**INFORMATION PROVIDED:**
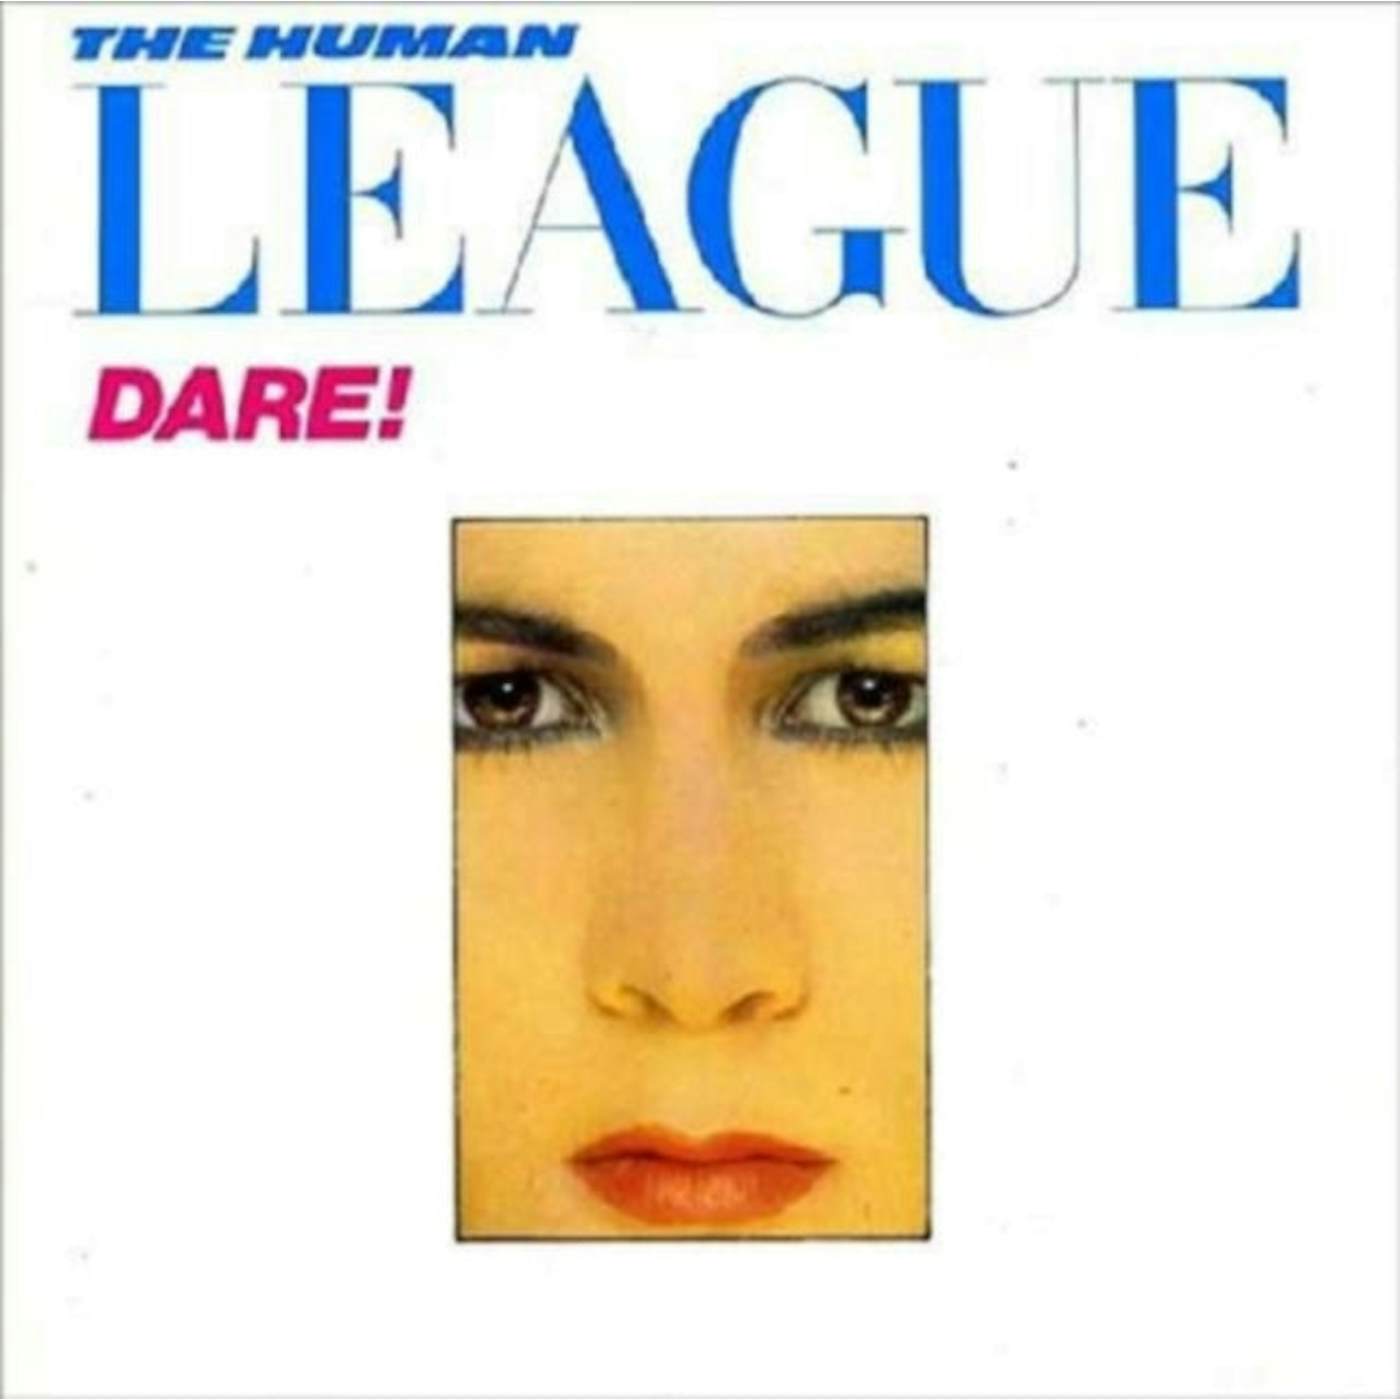 The Human League LP Vinyl Record - Dare
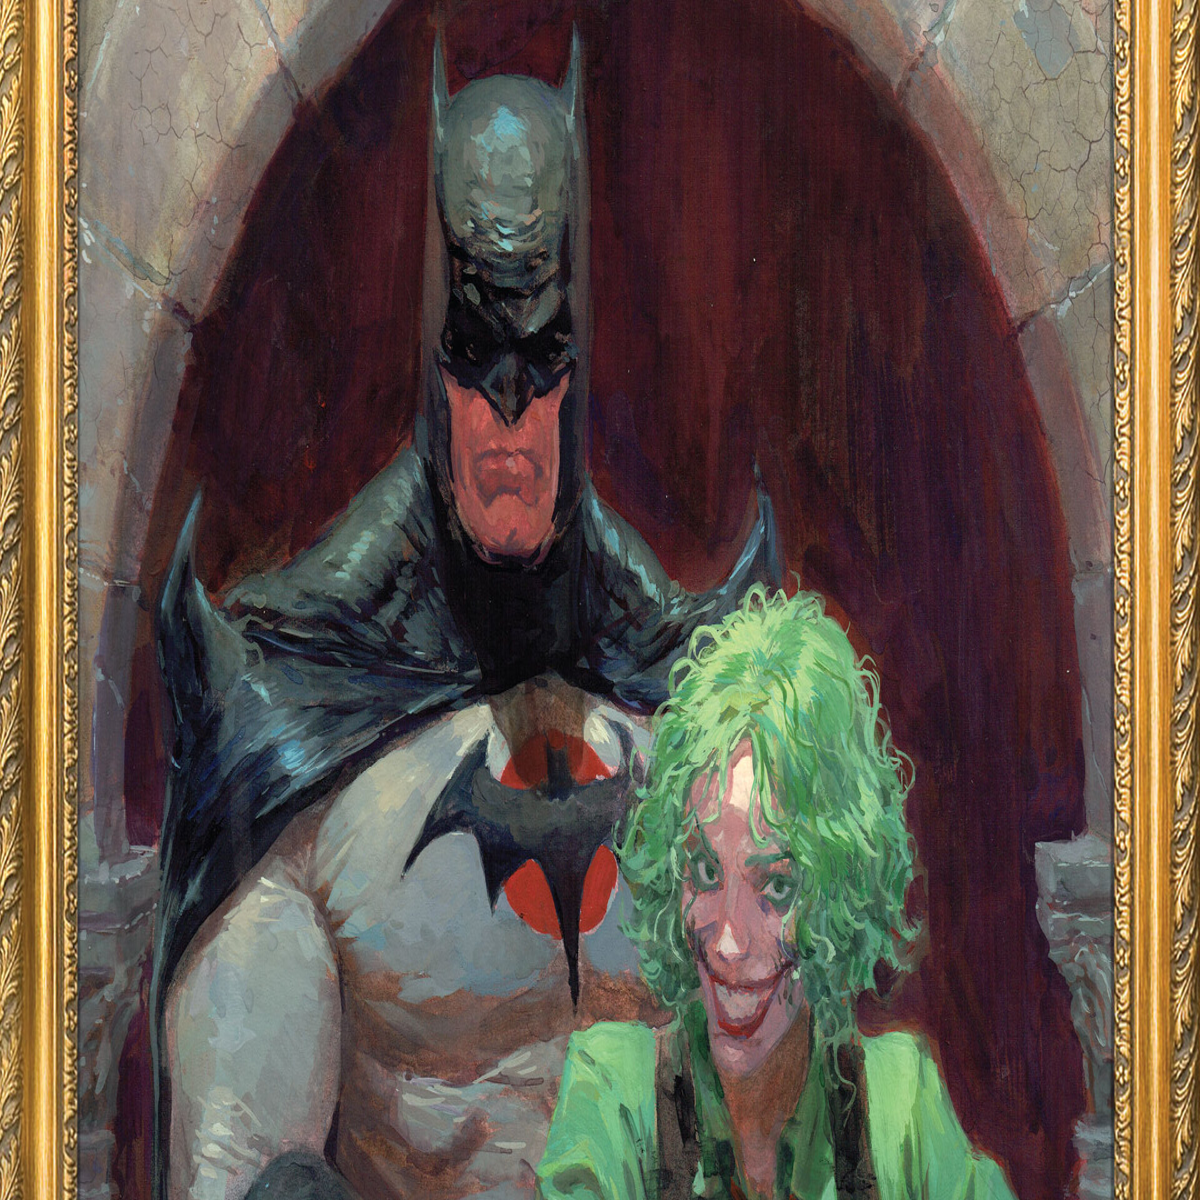 flashpoint paradox batman and joker
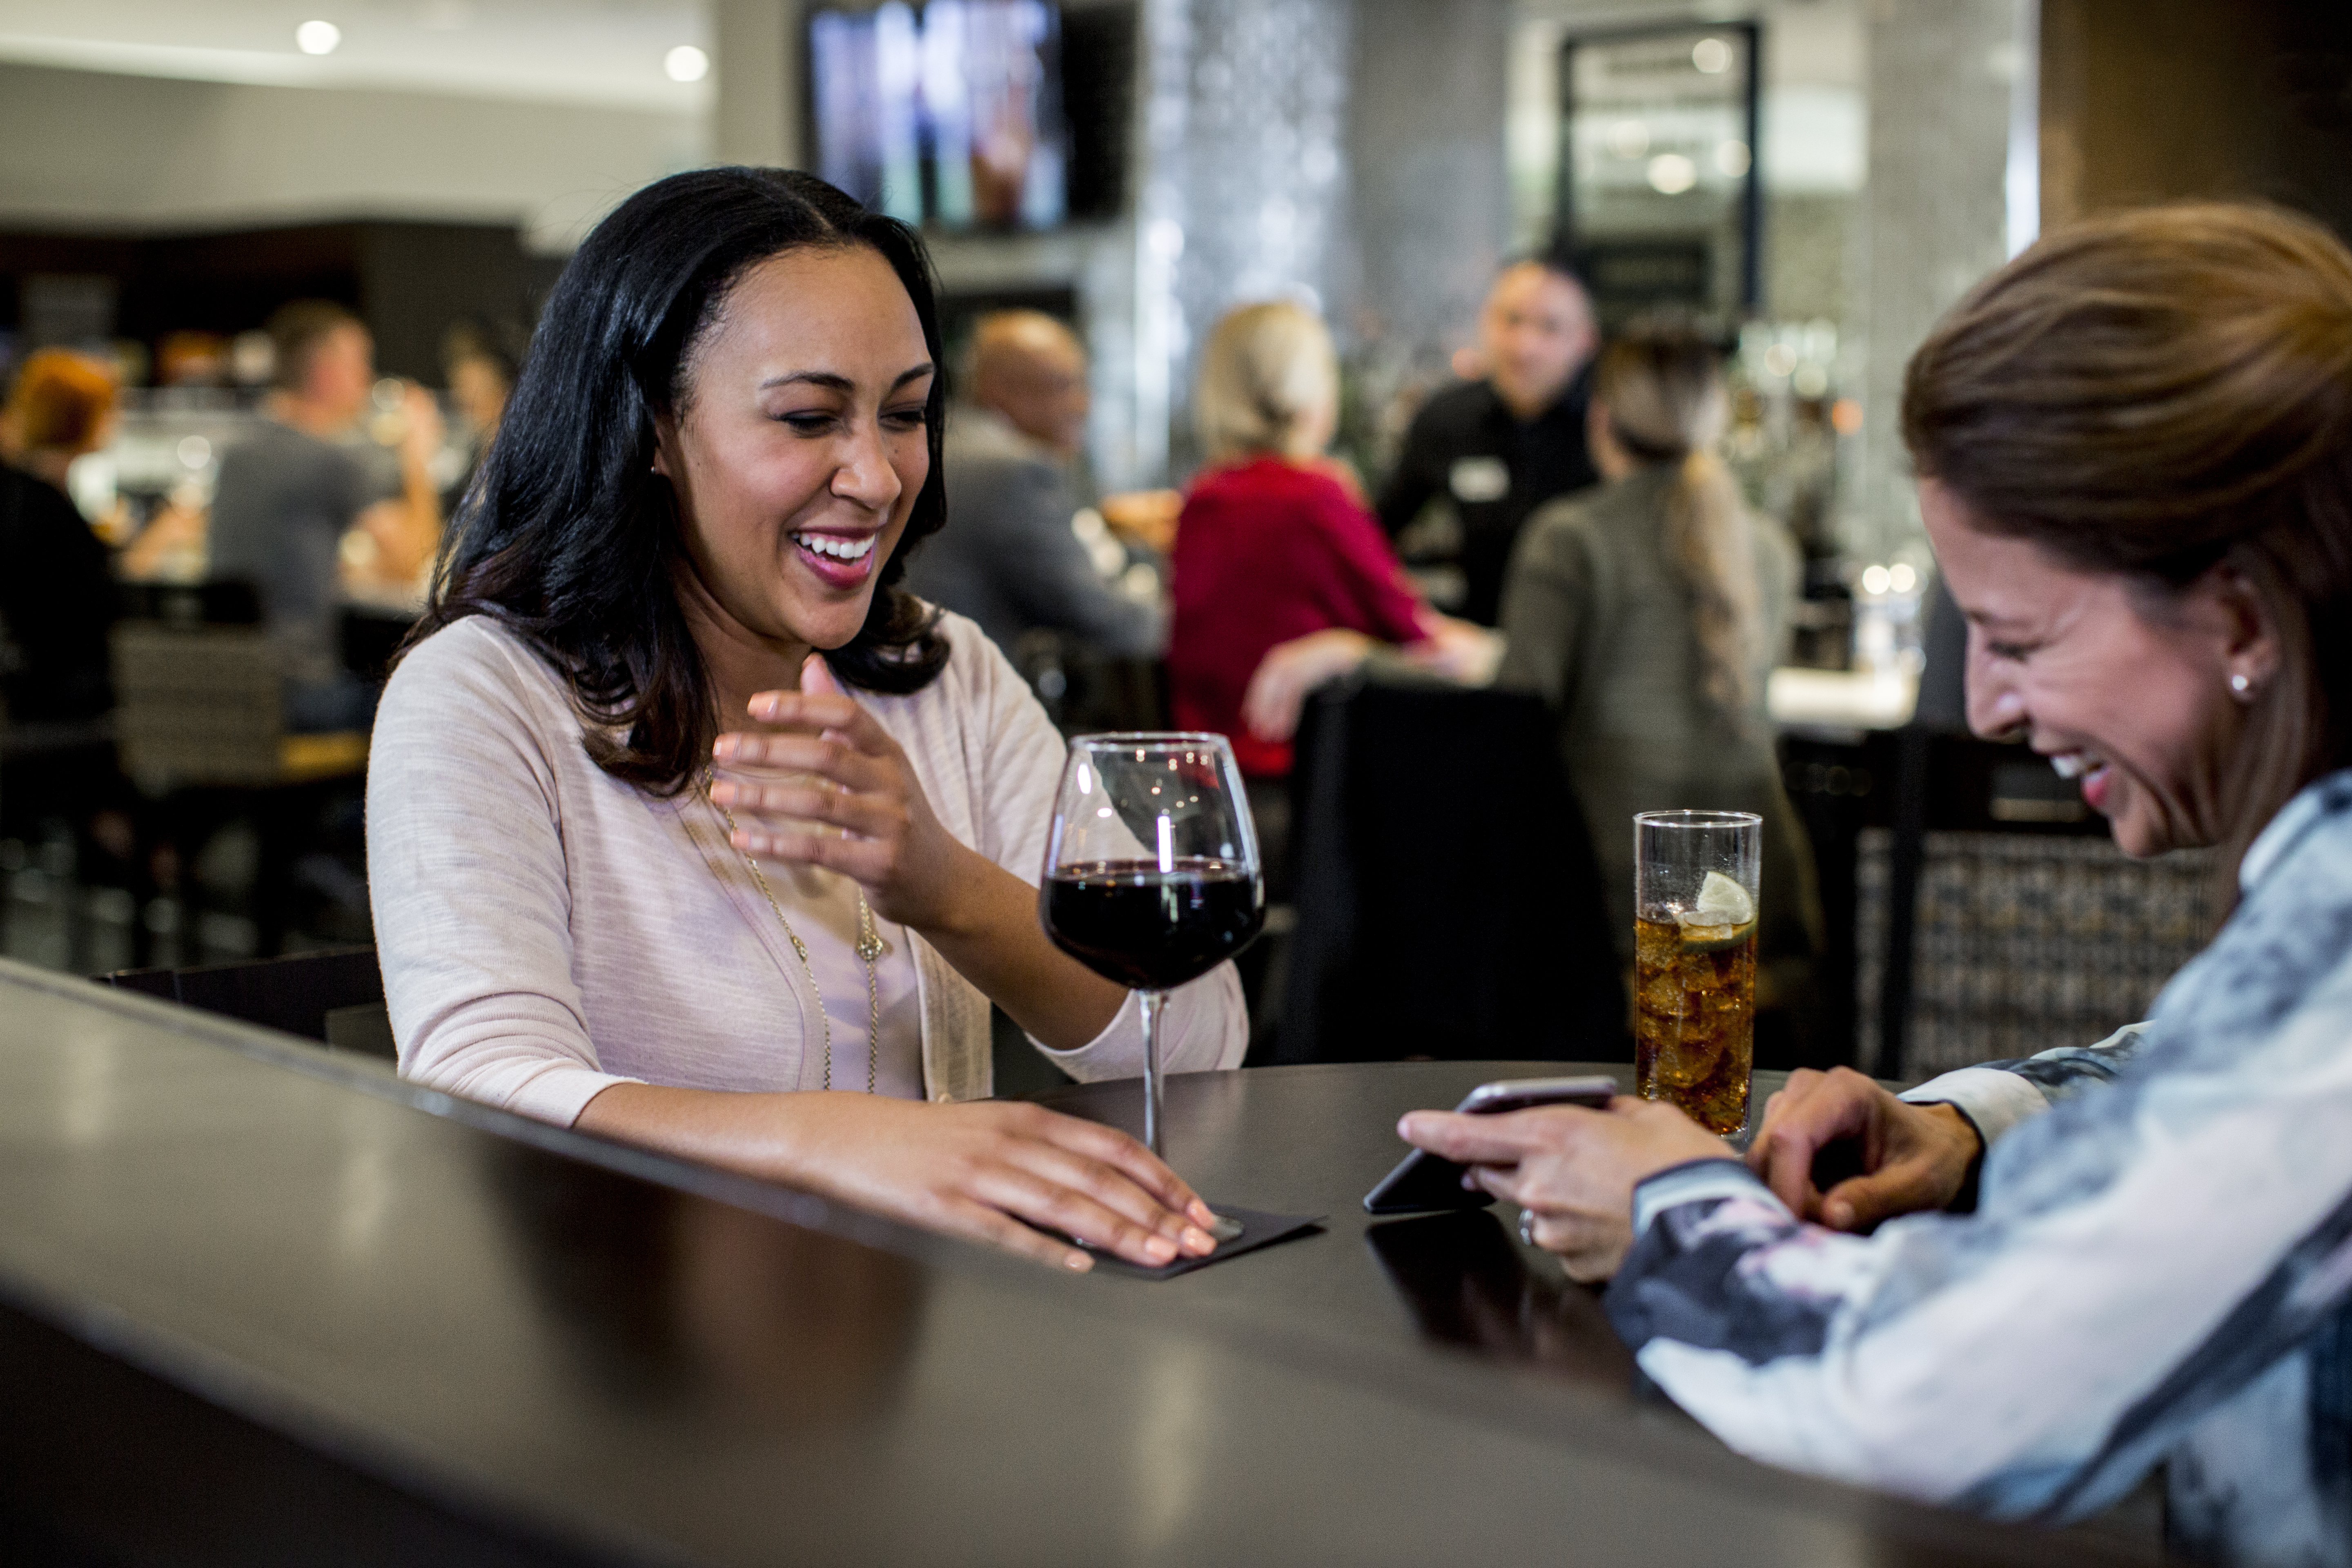 Enjoy a glass of wine at Landmarks Bar

**YOUR OBJECTIVE:** Leave the pictures out and output the rest of the listing exactly.

**ANSWER:**
 The Human League LP Vinyl Record - Dare
 flashpoint paradox batman and joker
 Enjoy a glass of wine at Landmarks Bar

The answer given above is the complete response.